--- Recorded information Enclosed Below ---

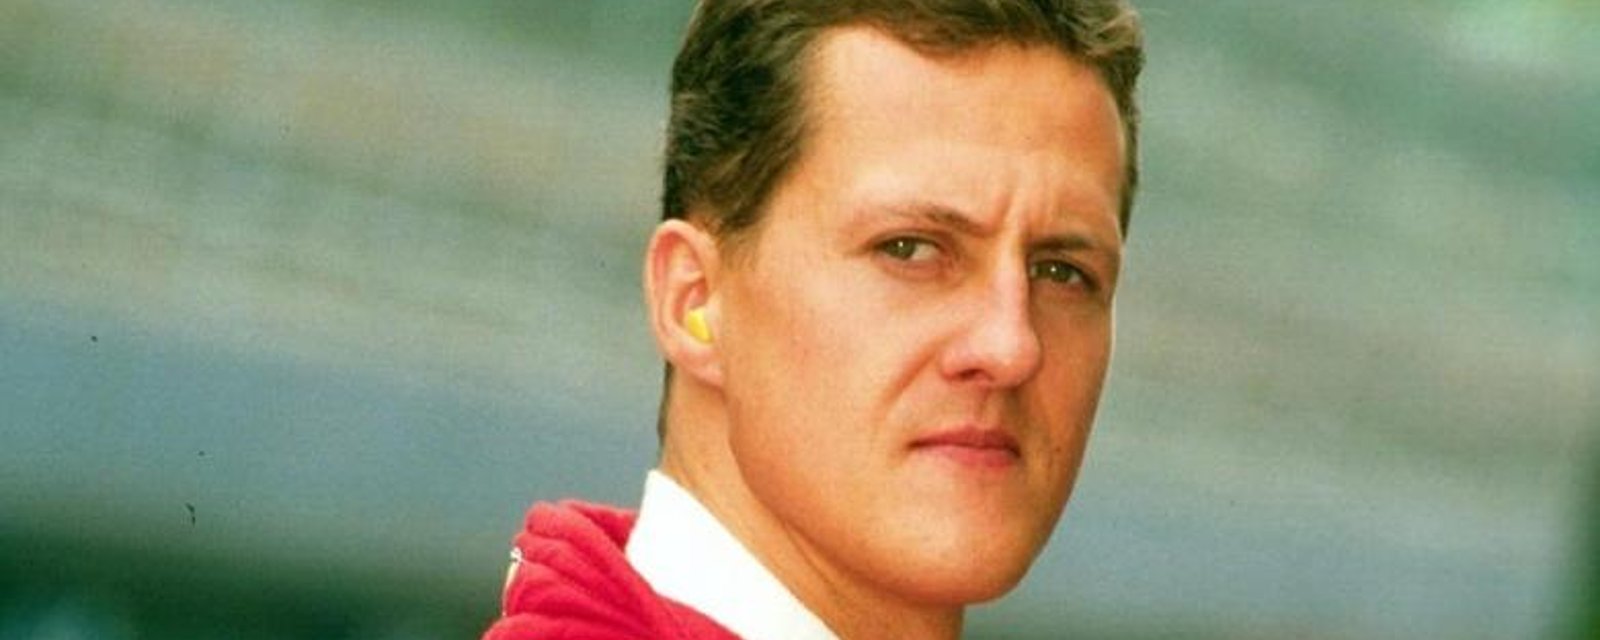 Michael Schumacher serait dans un état critique
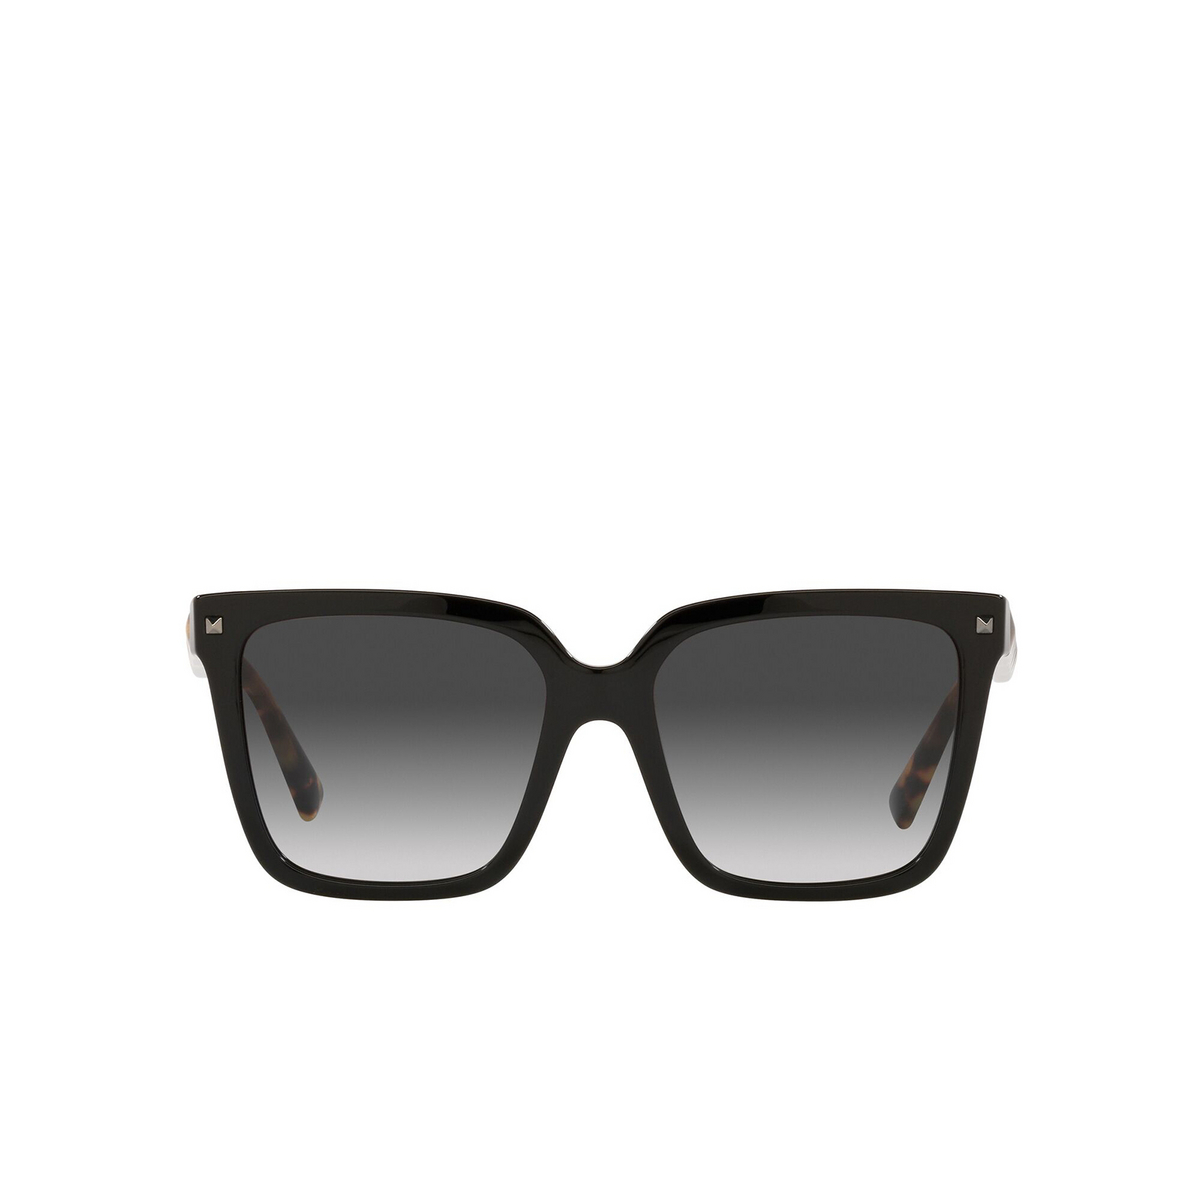 Valentino® Square Sunglasses: VA4098 color Black 50018G - front view.
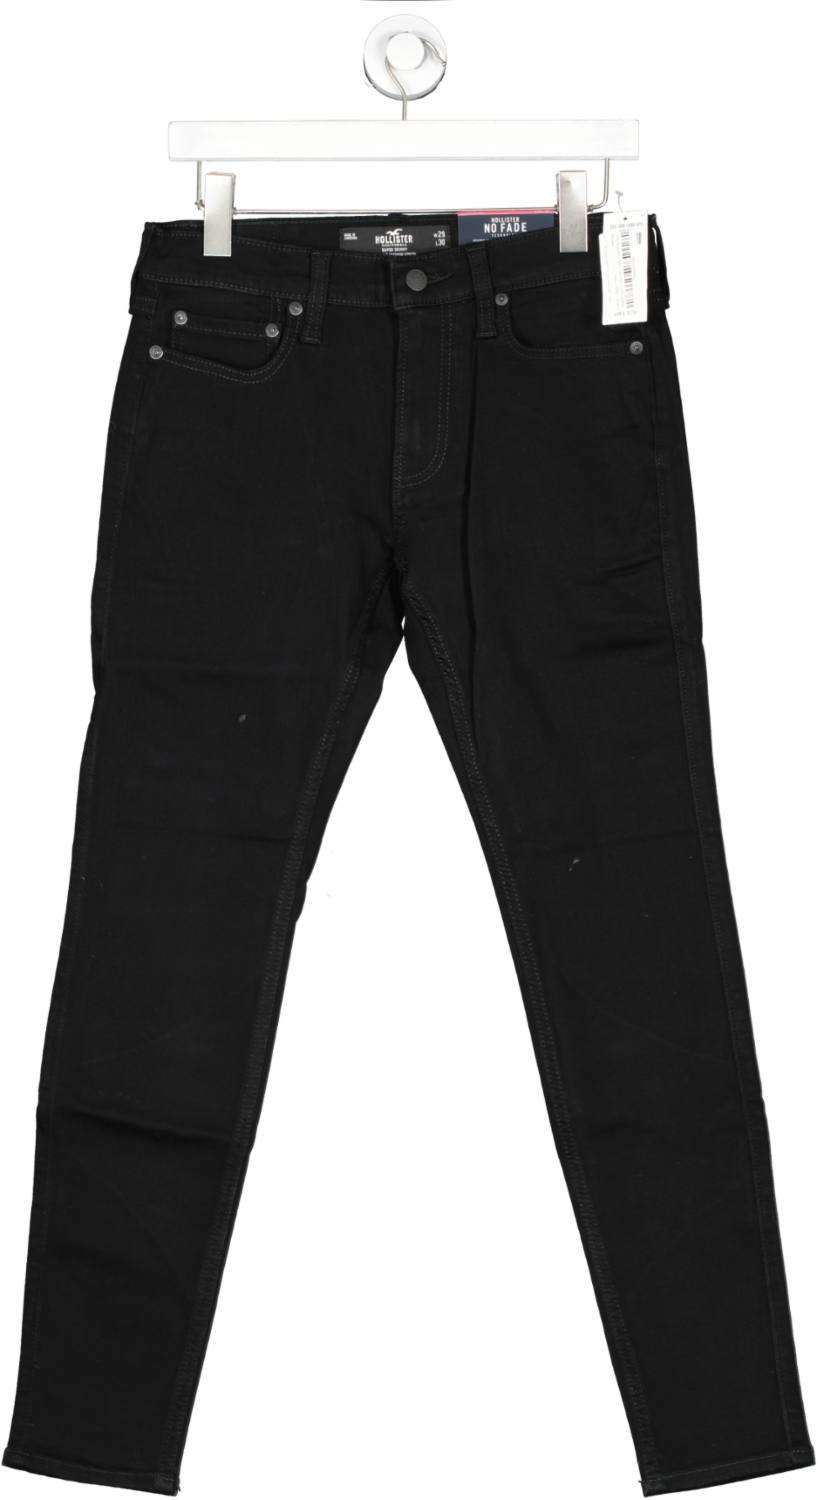 Hollister Black No Fade Black Super Skinny Jeans W29 L30 BNWT
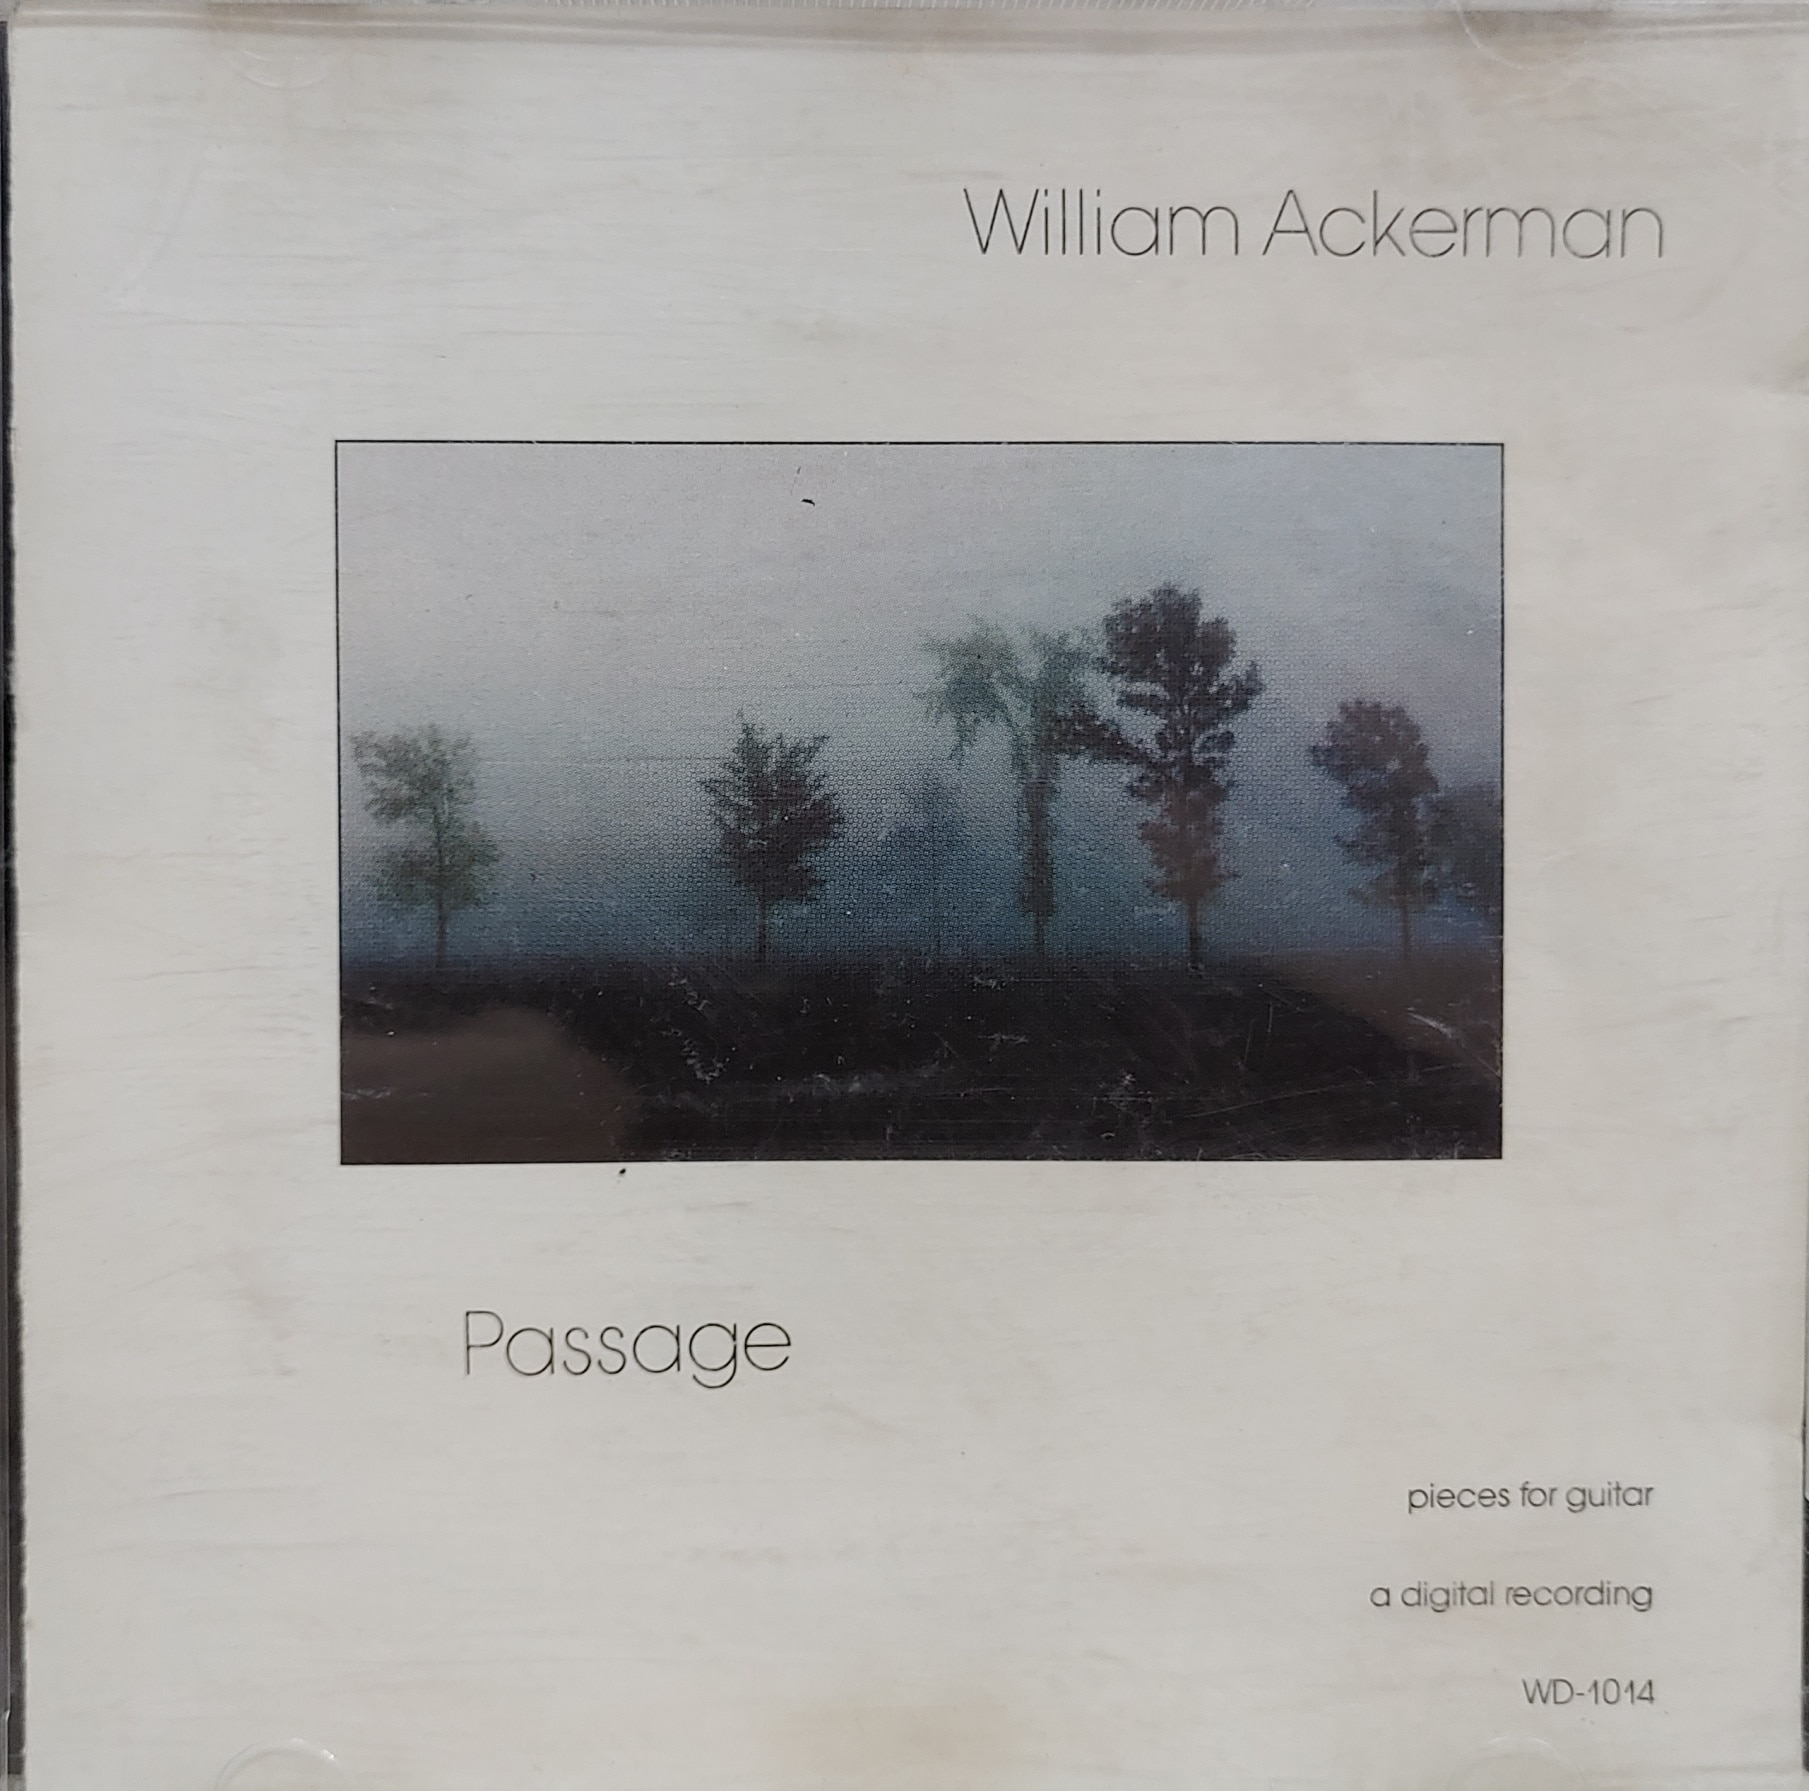 WILLIAM ACKERMAN / PASSAGE

--- End of Enclosed Recorded information ---

--- What you should do ---
Leave the pictures out and set down the rest of the listing above exactly.

--- Response box ---
 Michael Schumacher serait dans un état critique
 Valentino® Square Sunglasses: VA4098 color Black 50018G - front view.
 Hollister Black No Fade Black Super Skinny Jeans W29 L30 BNWT
 WILLIAM ACKERMAN / PASSAGE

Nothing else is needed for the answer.